2.  La Abogada Sustanciadora del Juzgado 3º Penal del Circuito con  Funciones de Conocimiento de Cúcuta, Viviana Carolina Montes  Yañez2,  como punto de partida efectuó una reseña de las  principales actuaciones procesales realizadas en el curso de la causa  penal seguida contra ARCADIO  ROBLES ACUÑA.  

En  cuanto a las alegaciones expuestas en la demanda de tutela indicó  que las mismas están encaminadas a generar un debate que no  corresponde hacerse bajo este mecanismo cuando, pues lo propio  hubiera sido que la parte actora interpusiera el recurso  extraordinario de casación, empero no lo hizo.  

Por  lo expuesto solicitó la declaratoria de improcedencia de la  demanda.  
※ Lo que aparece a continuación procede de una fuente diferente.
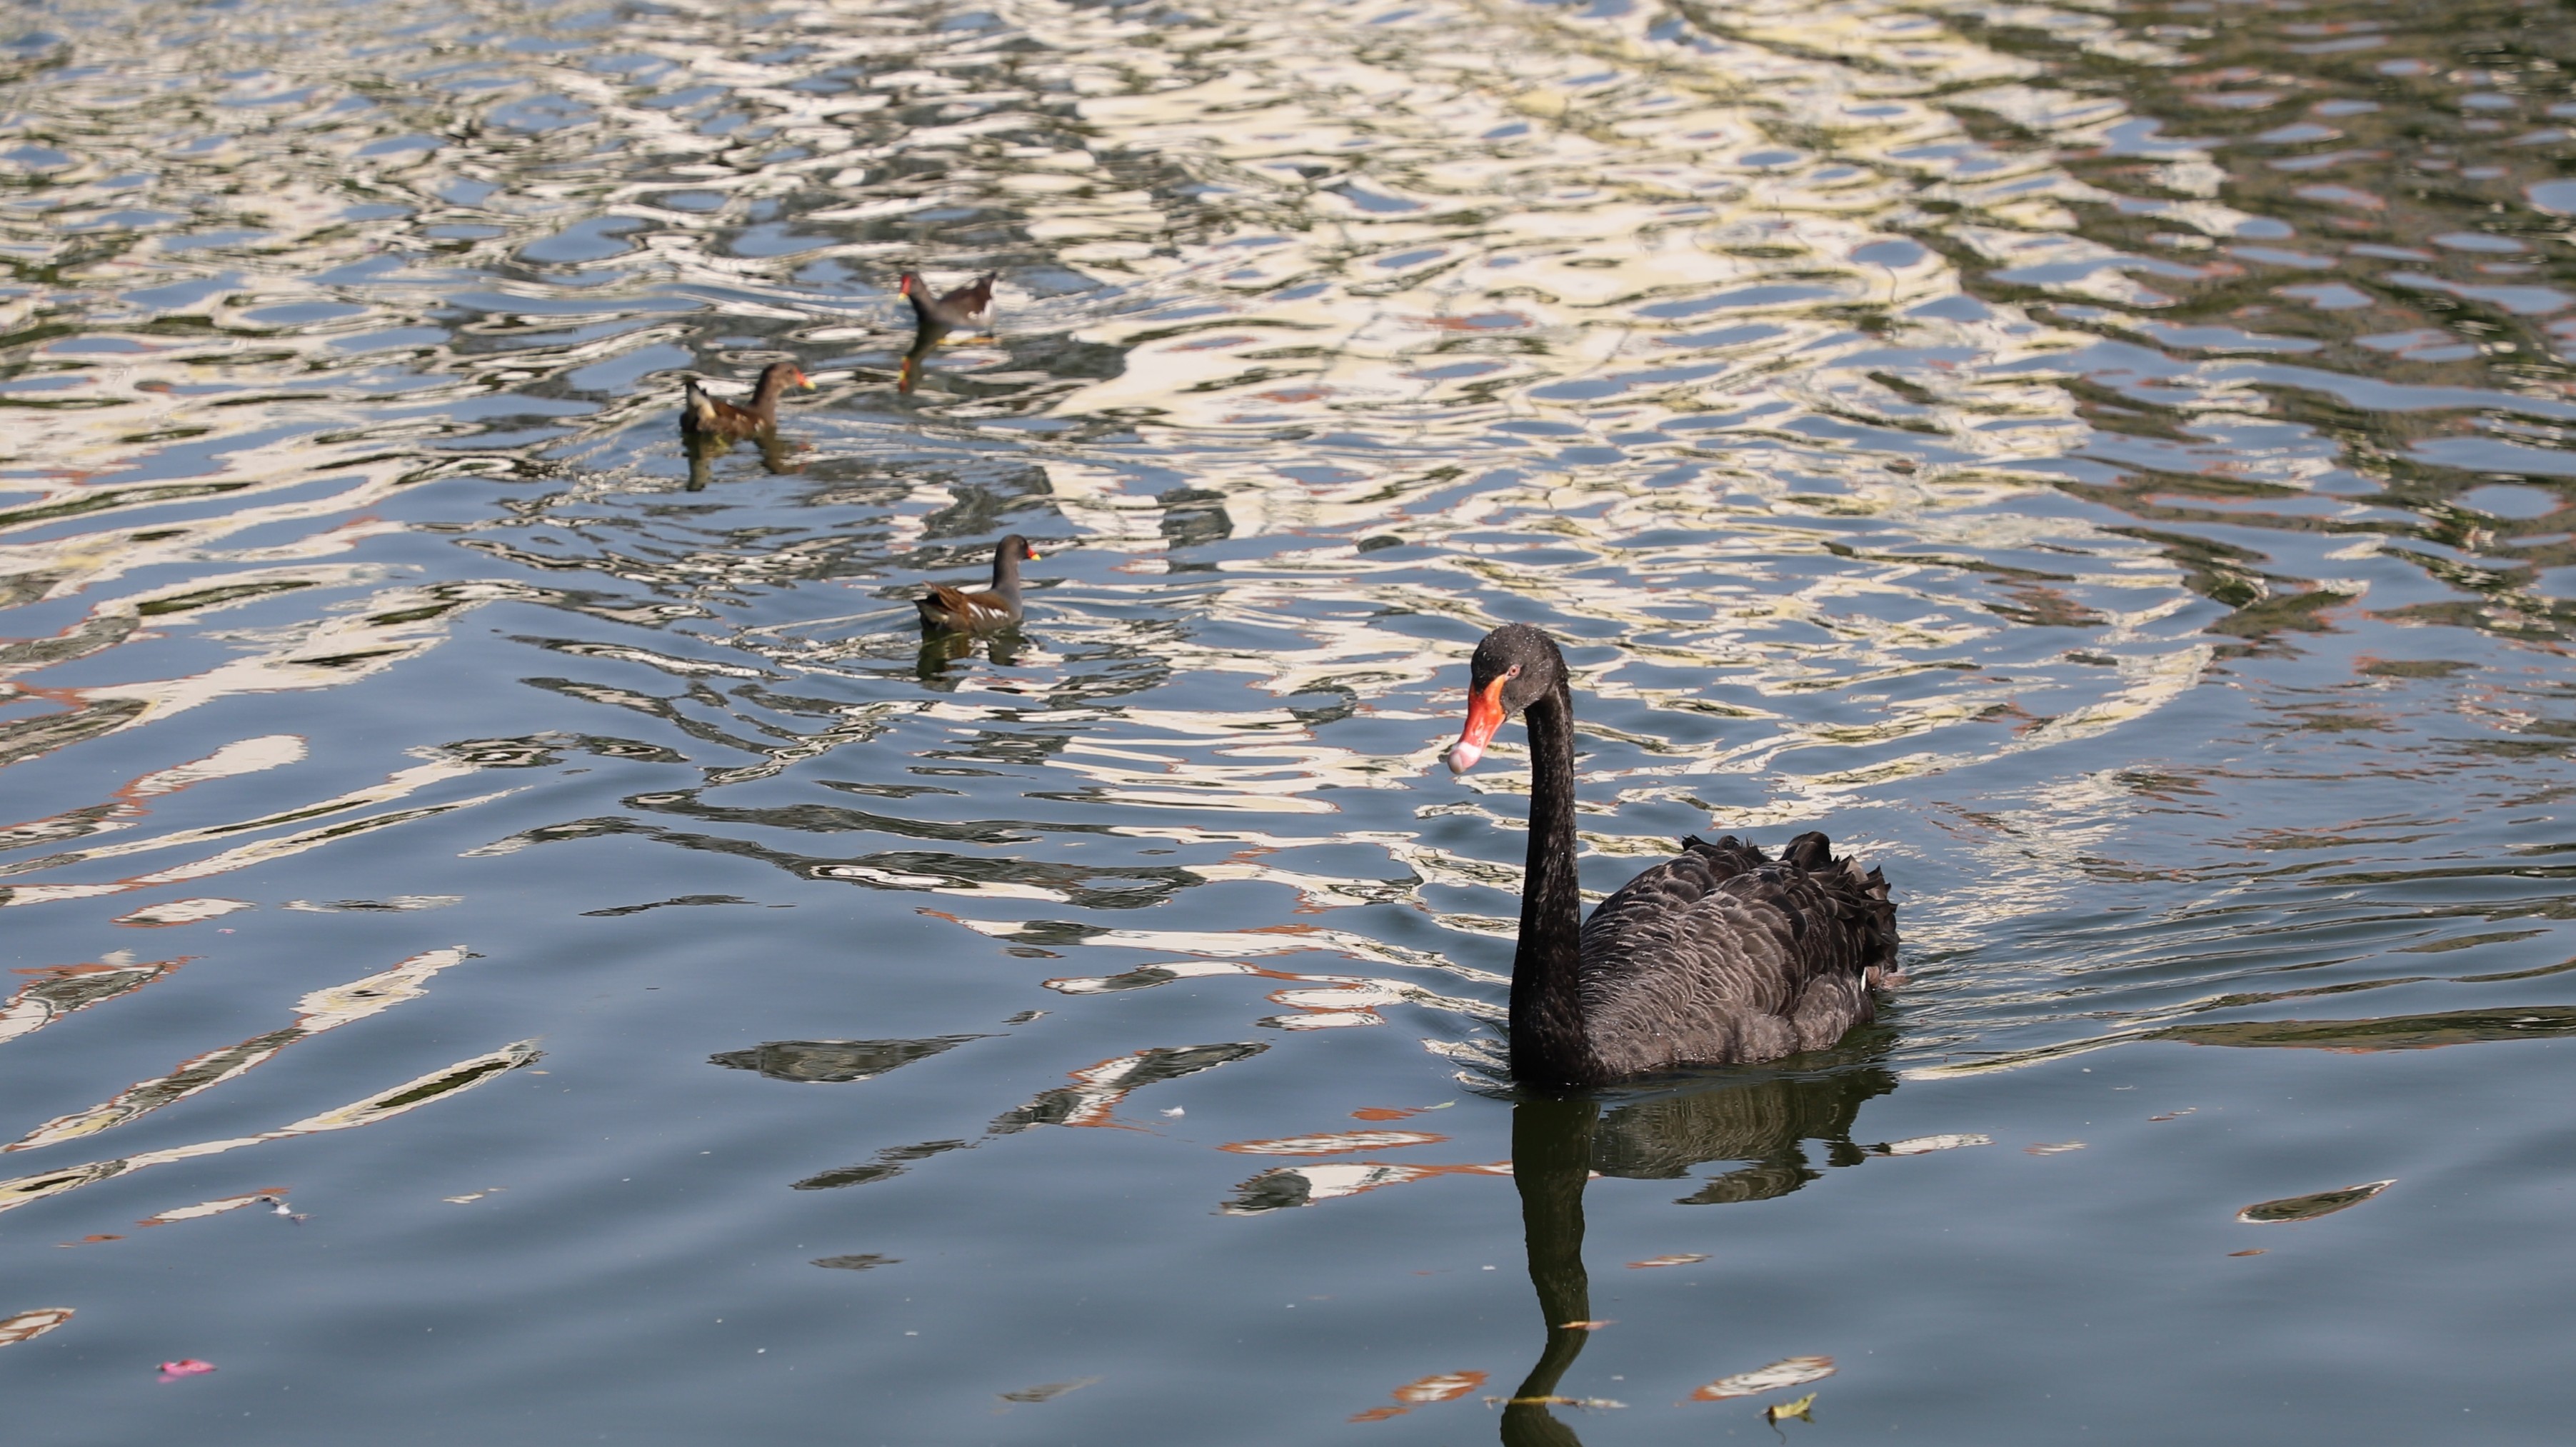 廣州動物園湖面上悠然自得的天鵝。劉盈華攝

3.  El Magistrado de la Sala Penal del Tribunal Superior del Distrito  Judicial de Cúcuta, Édgar Manuel Caicedo Barrera3,  concretó su respuesta a indicar que esa Corporación,  mediante sentencia del 25 de septiembre de 2018, confirmó  integralmente el fallo condenatorio del 29 de junio de 2018 dictado  por el Juzgado 3º Penal del Circuito de Conocimiento de esa  ciudad, en el que se declaró a ARCADIO  ROBLES ACUÑA  penalmente responsable por el delito de homicidio culposo agravado y  se le impuso la pena principal de 82 meses de prisión y multa  de 39.99 s.m.l.m.v., y las sanciones accesorias de inhabilitación  para el ejercicio de derechos y funciones públicas y privación  del derecho de conducir automotores y motocicletas por un lapso igual  al de la privación de la libertad; accediéndose a la  suspensión condicional de la ejecución de la pena.  
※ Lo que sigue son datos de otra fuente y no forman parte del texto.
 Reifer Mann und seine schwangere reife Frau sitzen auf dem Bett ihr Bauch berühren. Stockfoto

Allegó  copia de la providencia de segunda instancia, previamente citada4.  

4.  La Secretaria de la Sala Penal del Tribunal Superior del Distrito  Judicial de Cúcuta, Olga Enid Celis Celis5,  informó que esa Corporación profirió sentencia  de segunda instancia, en el marco del proceso penal con radicación  54001-61-06-173-2013-80662-00,  en audiencia pública que tuvo lugar el 25 de septiembre de  2018.  

Señaló  que a esa diligencia asistieron «el Procurador Doctor Juan  Carlos Arturo Chaves, el representante de víctimas Doctor  Nelson Eduardo Castillo Muños y por la defensa se presentó  el Doctor Isidro Aníbal Lizarazo Ariza, quien manifestó  estar en apoyo del Doctor Nelson Torres García» y que no  concurrieron a la vista pública «el representante de la  Fiscalía ni el acusado» sin que hubieran presentado  excusa o justificación de su inasistencia.  

Precisó  que la decisión finalmente adoptada se notificó en  estrados y como quiera que contra ella procedía el recurso  extraordinario de casación, esa Secretaría fijó  traslado desde el 26 de septiembre hasta el 2 de octubre de 2018 para  la interposición del mentado mecanismo impugnatorio, sin que  en dicho lapso se pronunciaran las partes.  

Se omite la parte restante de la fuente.